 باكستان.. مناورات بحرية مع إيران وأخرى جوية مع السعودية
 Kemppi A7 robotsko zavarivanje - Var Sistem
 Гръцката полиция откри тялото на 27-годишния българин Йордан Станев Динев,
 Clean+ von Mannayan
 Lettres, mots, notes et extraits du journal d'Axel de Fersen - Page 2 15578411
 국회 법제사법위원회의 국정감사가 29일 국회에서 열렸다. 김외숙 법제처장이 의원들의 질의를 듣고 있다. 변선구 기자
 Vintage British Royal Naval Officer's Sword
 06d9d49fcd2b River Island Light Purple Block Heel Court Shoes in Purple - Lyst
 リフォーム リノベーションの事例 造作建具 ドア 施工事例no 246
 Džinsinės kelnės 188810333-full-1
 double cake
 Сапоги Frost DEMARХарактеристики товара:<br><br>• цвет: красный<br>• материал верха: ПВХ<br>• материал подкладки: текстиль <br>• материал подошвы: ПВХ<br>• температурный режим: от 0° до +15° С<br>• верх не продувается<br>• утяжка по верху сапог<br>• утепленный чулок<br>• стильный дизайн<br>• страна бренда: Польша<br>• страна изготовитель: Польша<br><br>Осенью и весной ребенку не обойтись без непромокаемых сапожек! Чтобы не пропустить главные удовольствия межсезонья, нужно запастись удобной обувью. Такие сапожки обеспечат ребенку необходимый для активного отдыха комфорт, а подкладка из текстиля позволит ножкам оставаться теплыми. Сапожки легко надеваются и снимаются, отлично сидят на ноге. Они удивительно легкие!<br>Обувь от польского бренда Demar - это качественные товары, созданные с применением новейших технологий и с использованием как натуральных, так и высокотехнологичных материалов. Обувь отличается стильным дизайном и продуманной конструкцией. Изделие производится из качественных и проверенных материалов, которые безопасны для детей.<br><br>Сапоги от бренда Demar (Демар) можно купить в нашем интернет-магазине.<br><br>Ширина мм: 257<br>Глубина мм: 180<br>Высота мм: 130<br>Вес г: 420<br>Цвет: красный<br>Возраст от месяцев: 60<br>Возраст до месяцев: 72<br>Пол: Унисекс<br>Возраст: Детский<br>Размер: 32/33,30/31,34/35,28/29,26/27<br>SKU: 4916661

REQUIREMENT:
Output each record exactly, leaving nothing out.

ANSWER SECTION:
 باكستان.. مناورات بحرية مع إيران وأخرى جوية مع السعودية
 Kemppi A7 robotsko zavarivanje - Var Sistem
 Гръцката полиция откри тялото на 27-годишния българин Йордан Станев Динев,
 Clean+ von Mannayan
 Lettres, mots, notes et extraits du journal d'Axel de Fersen - Page 2 15578411
 국회 법제사법위원회의 국정감사가 29일 국회에서 열렸다. 김외숙 법제처장이 의원들의 질의를 듣고 있다. 변선구 기자
 Vintage British Royal Naval Officer's Sword
 06d9d49fcd2b River Island Light Purple Block Heel Court Shoes in Purple - Lyst
 リフォーム リノベーションの事例 造作建具 ドア 施工事例no 246
 Džinsinės kelnės 188810333-full-1
 double cake
 Сапоги Frost DEMARХарактеристики товара:<br><br>• цвет: красный<br>• материал верха: ПВХ<br>• материал подкладки: текстиль <br>• материал подошвы: ПВХ<br>• температурный режим: от 0° до +15° С<br>• верх не продувается<br>• утяжка по верху сапог<br>• утепленный чулок<br>• стильный дизайн<br>• страна бренда: Польша<br>• страна изготовитель: Польша<br><br>Осенью и весной ребенку не обойтись без непромокаемых сапожек! Чтобы не пропустить главные удовольствия межсезонья, нужно запастись удобной обувью. Такие сапожки обеспечат ребенку необходимый для активного отдыха комфорт, а подкладка из текстиля позволит ножкам оставаться теплыми. Сапожки легко надеваются и снимаются, отлично сидят на ноге. Они удивительно легкие!<br>Обувь от польского бренда Demar - это качественные товары, созданные с применением новейших технологий и с использованием как натуральных, так и высокотехнологичных материалов. Обувь отличается стильным дизайном и продуманной конструкцией. Изделие производится из качественных и проверенных материалов, которые безопасны для детей.<br><br>Сапоги от бренда Demar (Демар) можно купить в нашем интернет-магазине.<br><br>Ширина мм: 257<br>Глубина мм: 180<br>Высота мм: 130<br>Вес г: 420<br>Цвет: красный<br>Возраст от месяцев: 60<br>Возраст до месяцев: 72<br>Пол: Унисекс<br>Возраст: Детский<br>Размер: 32/33,30/31,34/35,28/29,26/27<br>SKU: 4916661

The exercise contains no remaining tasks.